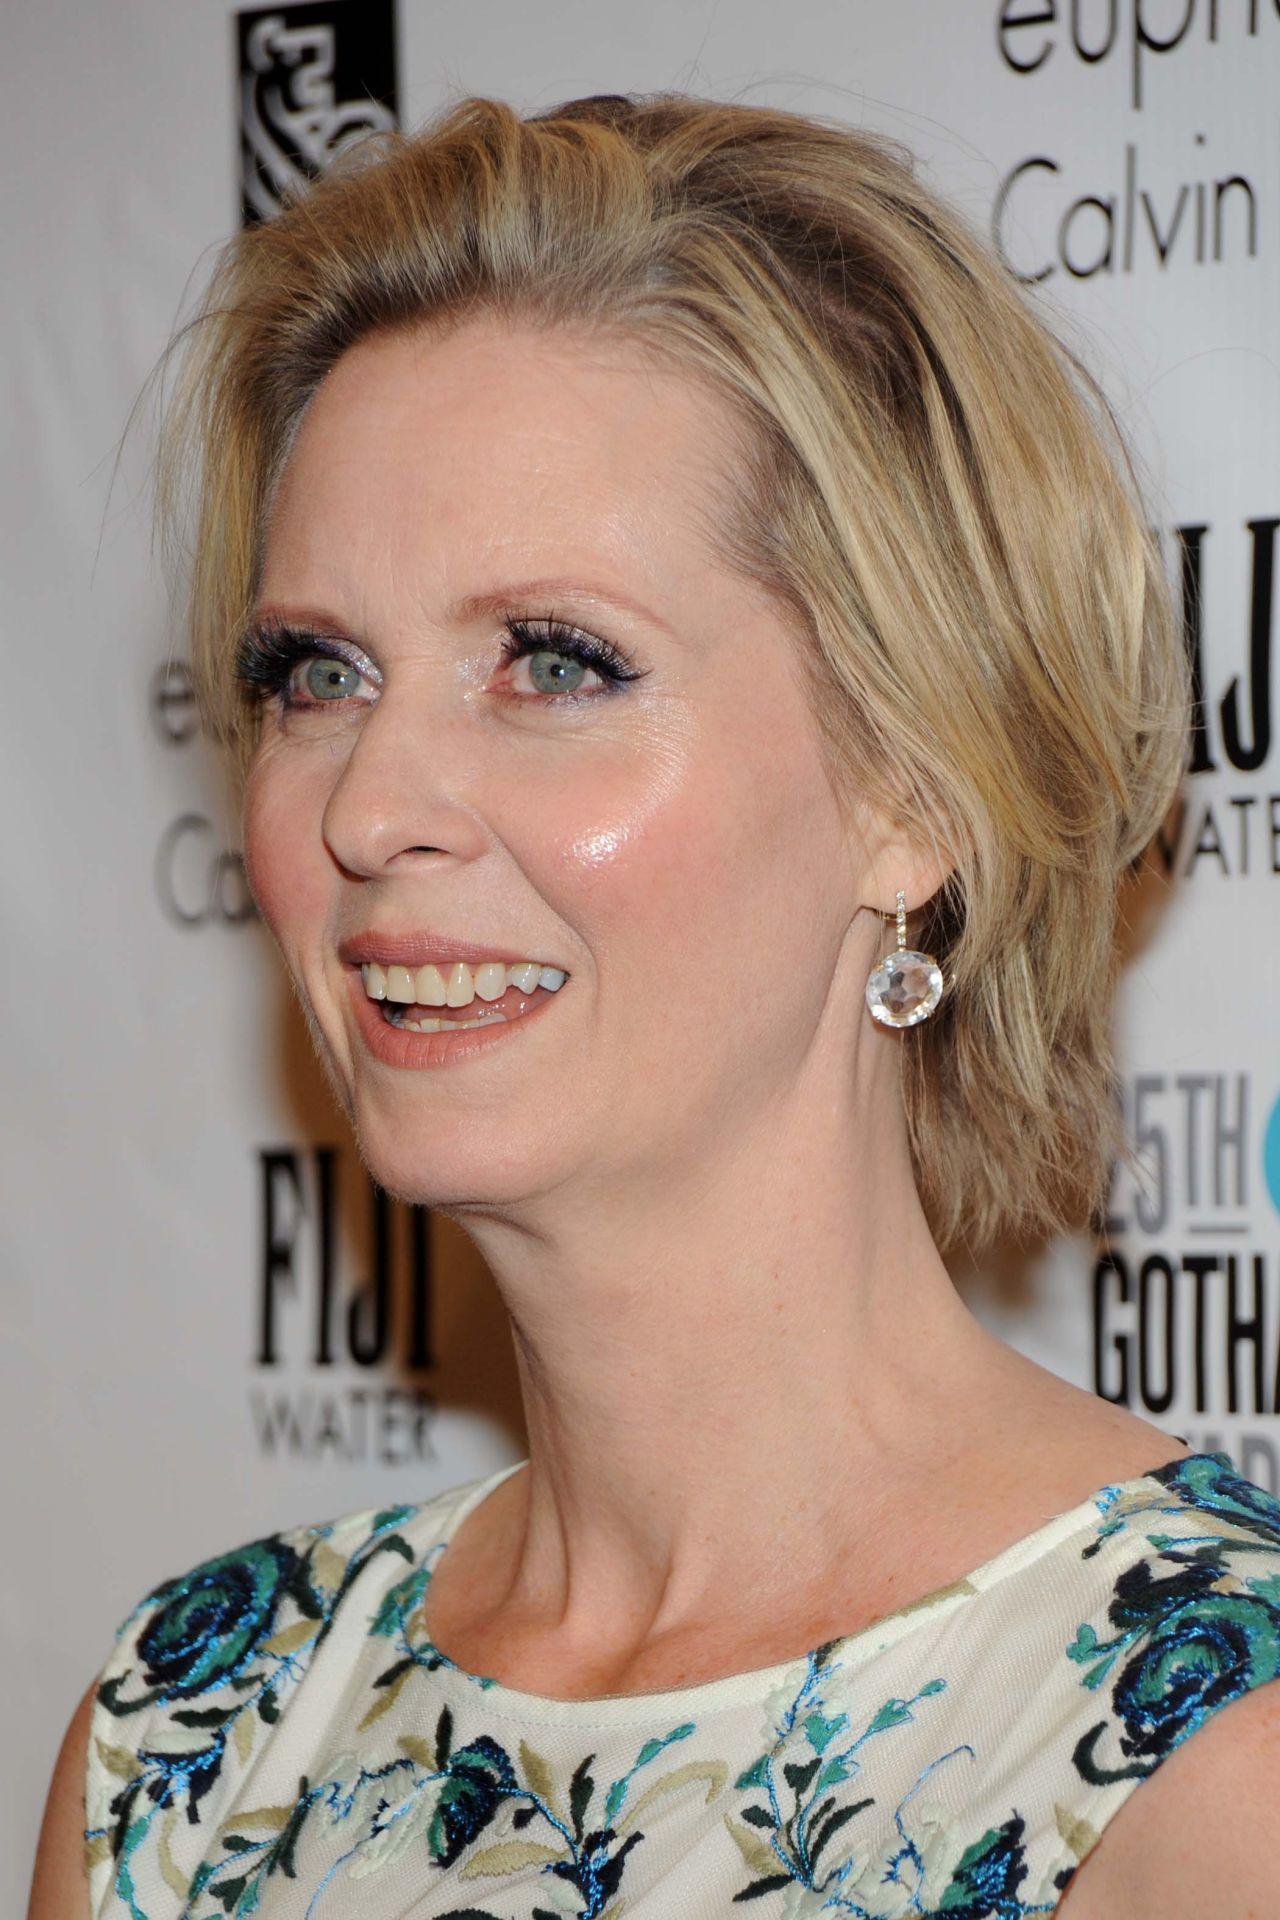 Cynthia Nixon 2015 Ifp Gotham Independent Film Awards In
______
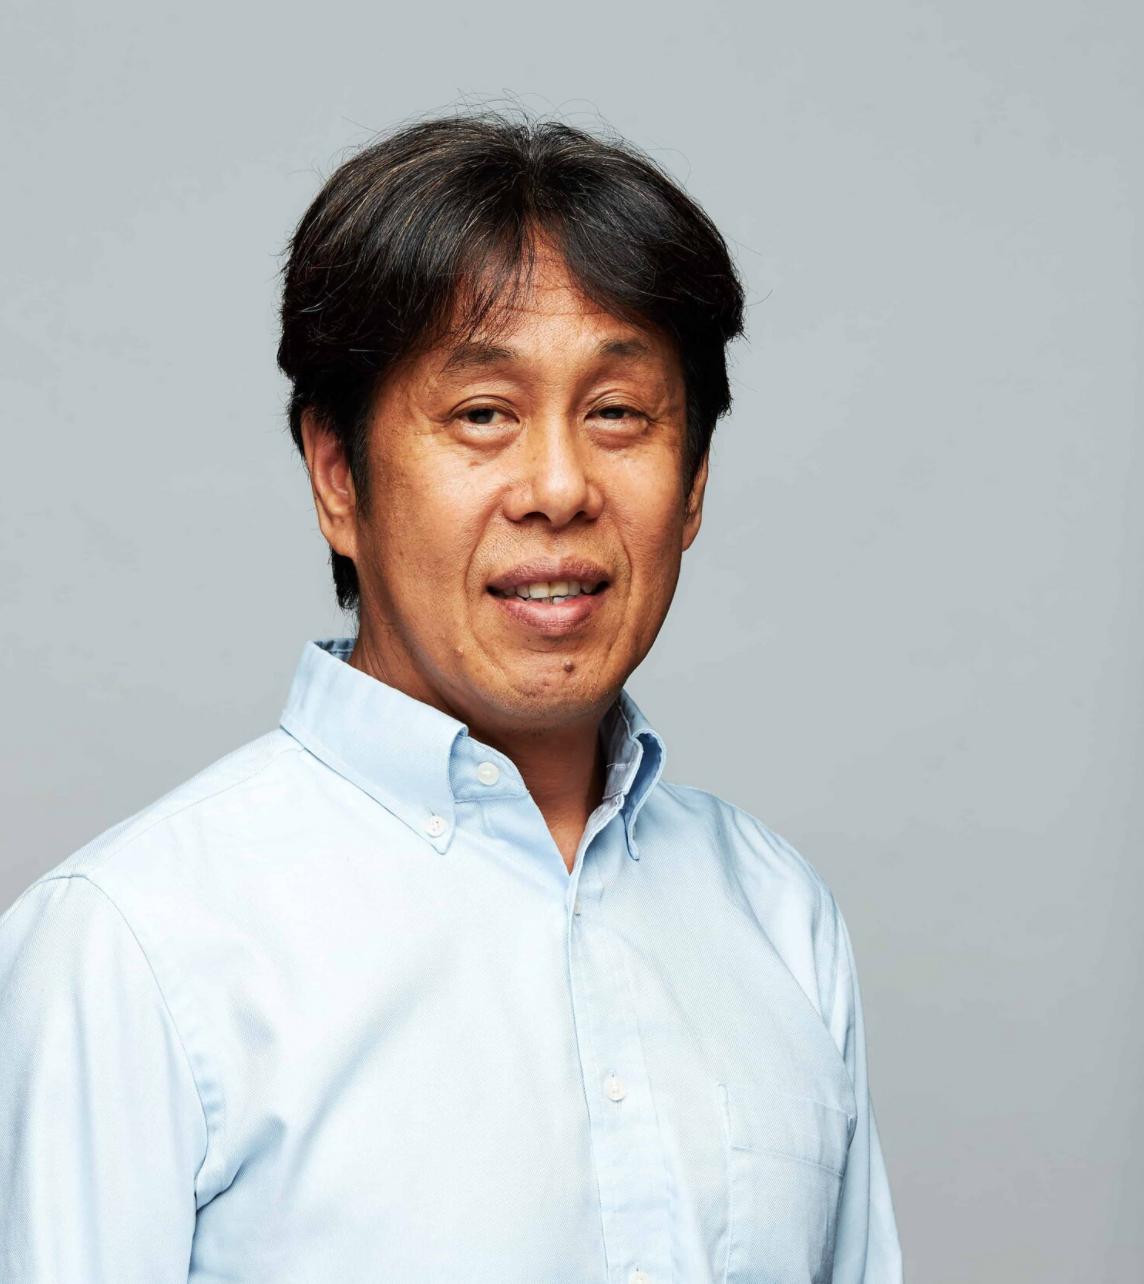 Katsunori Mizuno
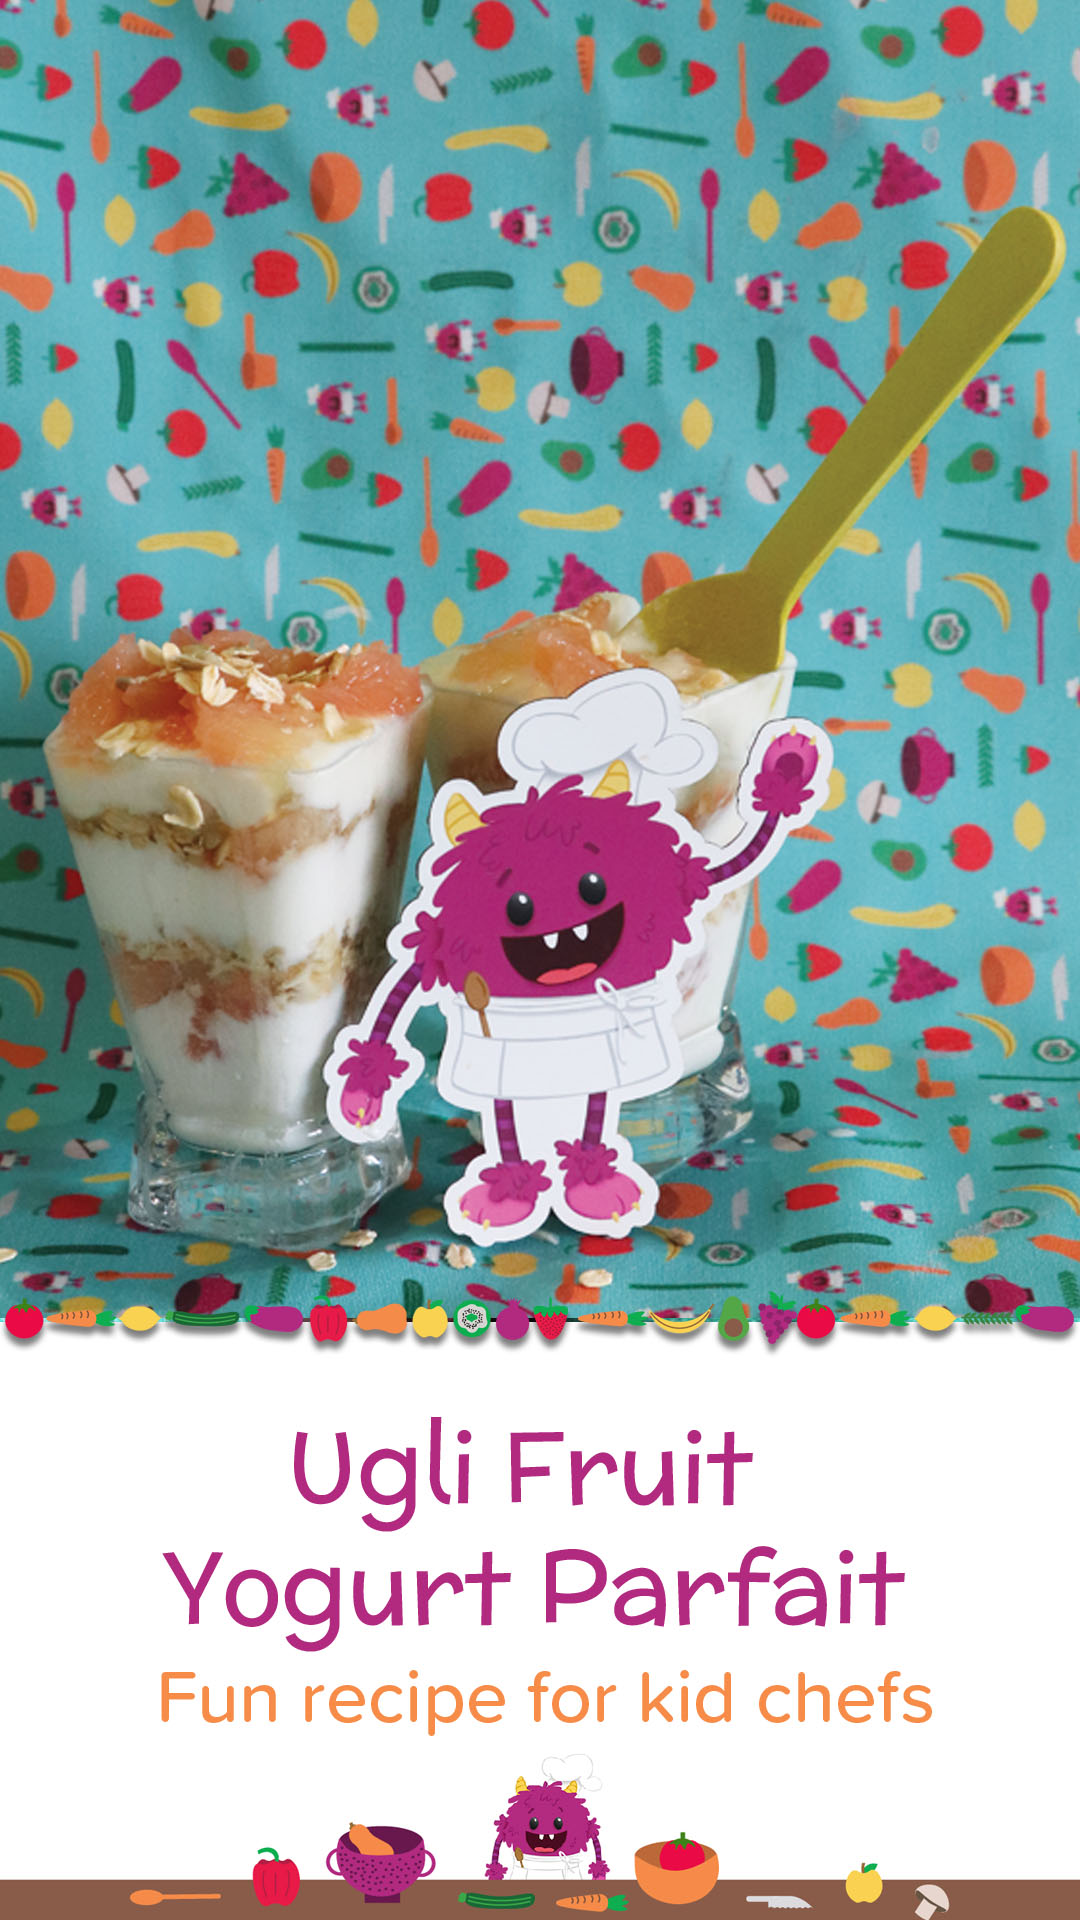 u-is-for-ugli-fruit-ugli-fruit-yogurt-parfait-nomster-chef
______
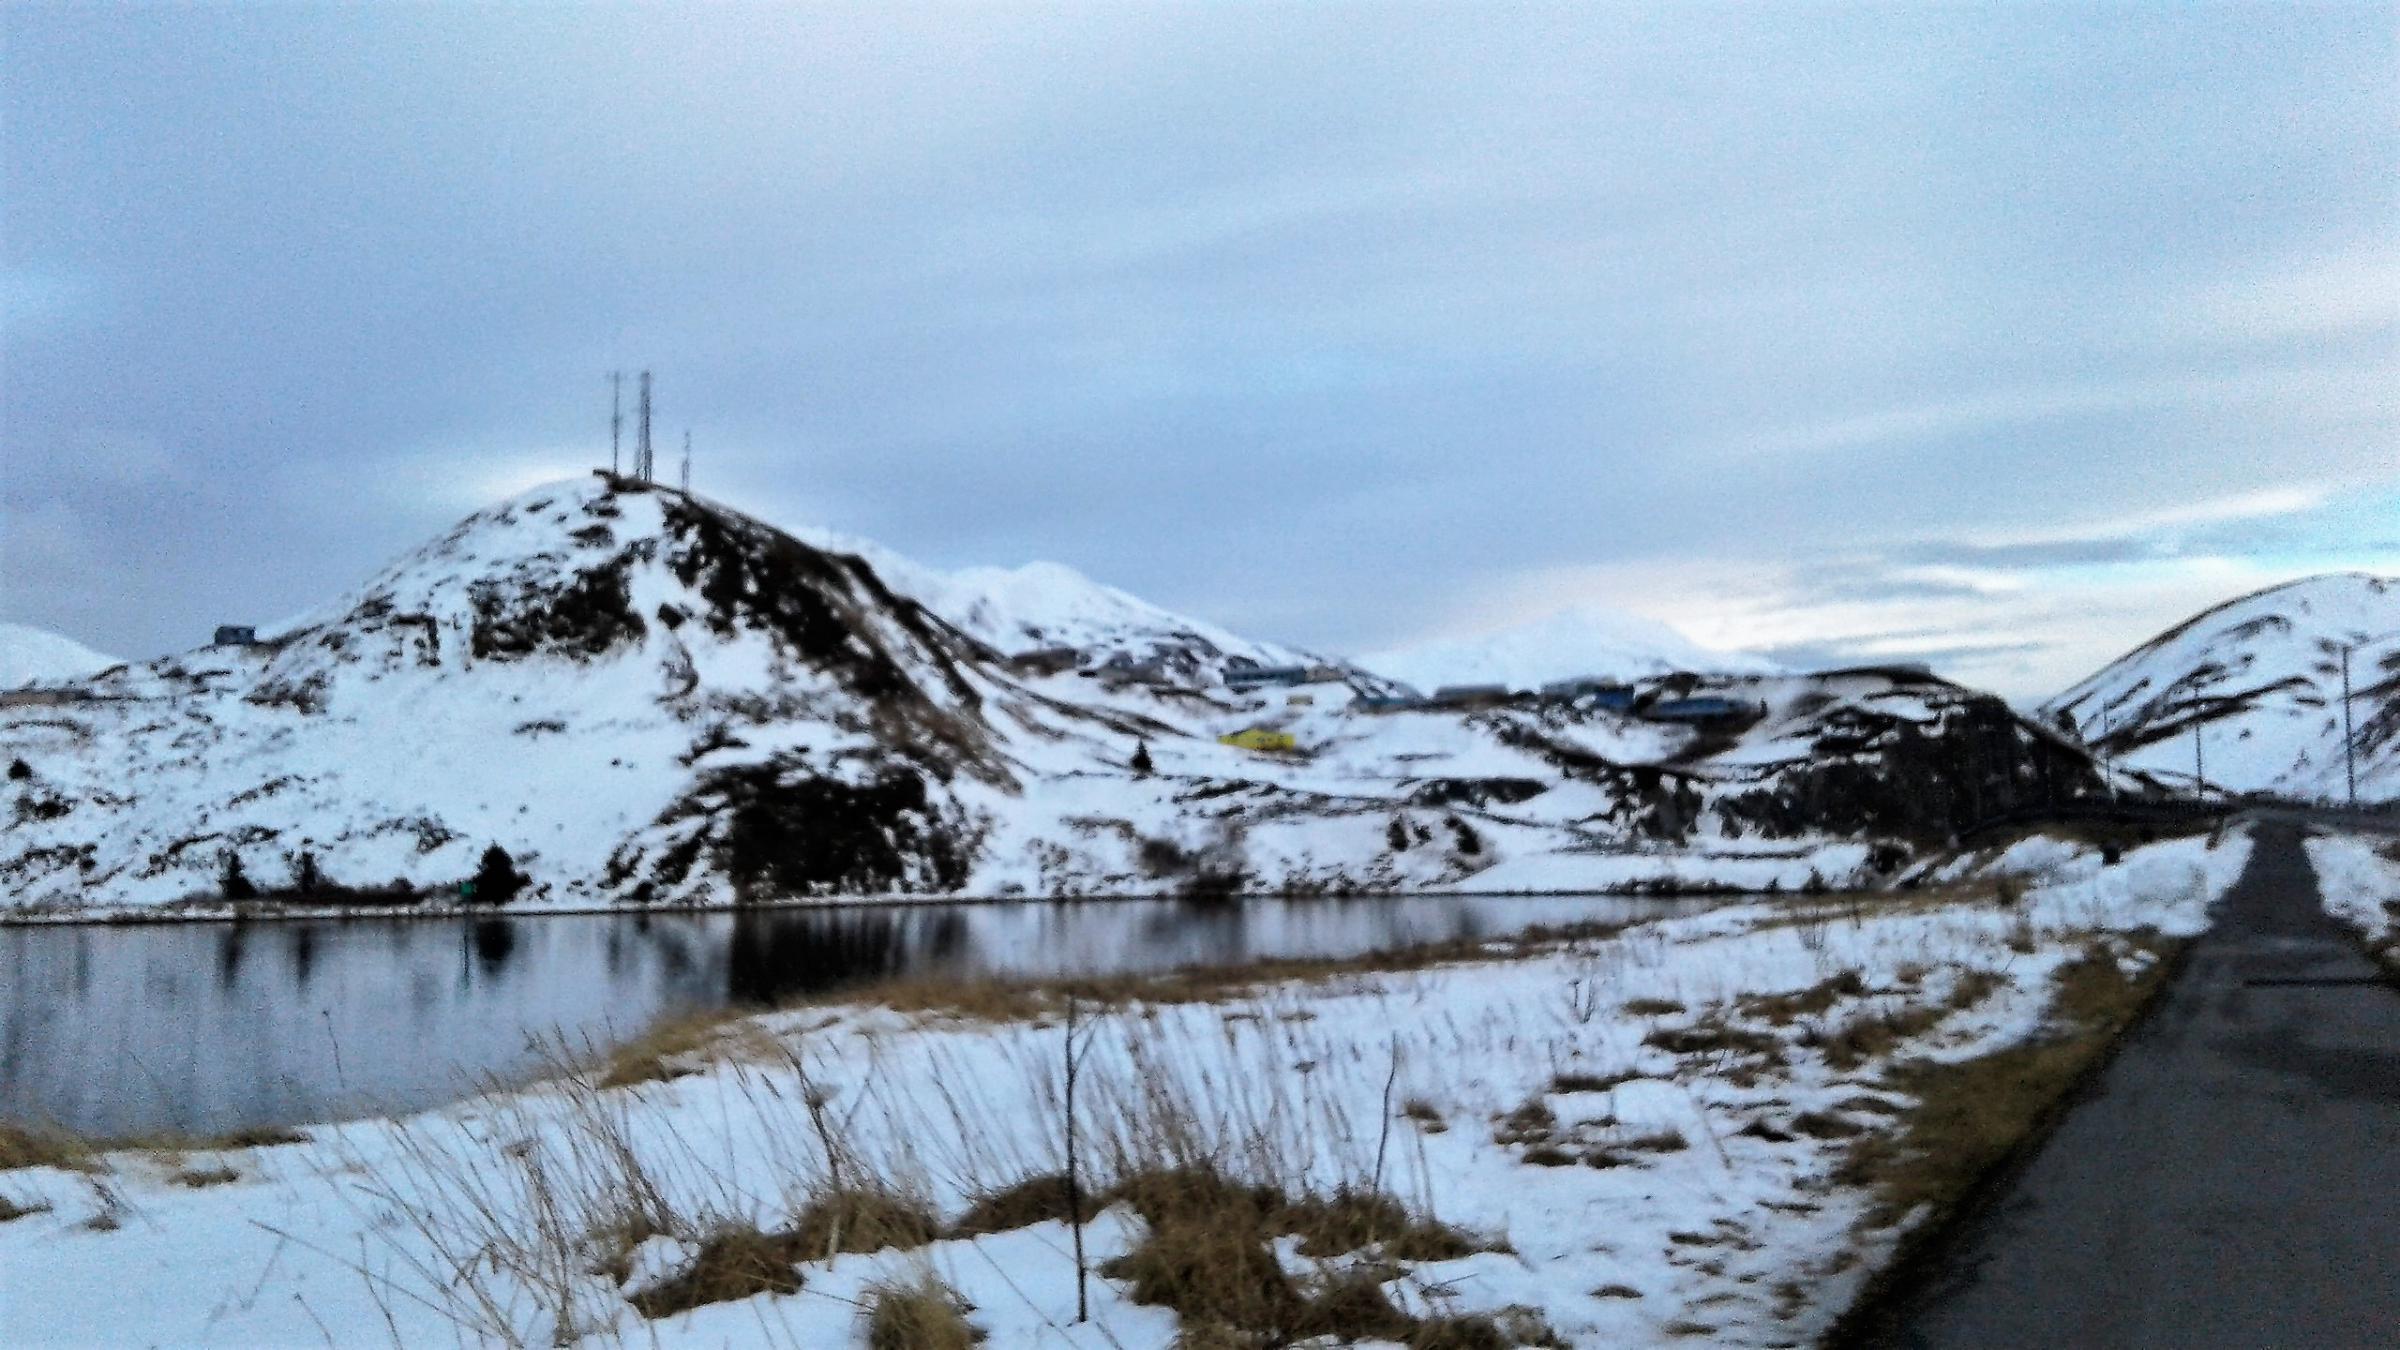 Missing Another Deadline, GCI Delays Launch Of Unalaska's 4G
______
Exercise aim →
Every line above between the one containing "Katsunori Mizuno" and the one containing "u-is-for-ugli-fruit-ugli-fruit-yogurt-parfait-nomster-chef", those two included, is to be printed exactly. No pictures go into the copy.

Task answer →
 Katsunori Mizuno
 u-is-for-ugli-fruit-ugli-fruit-yogurt-parfait-nomster-chef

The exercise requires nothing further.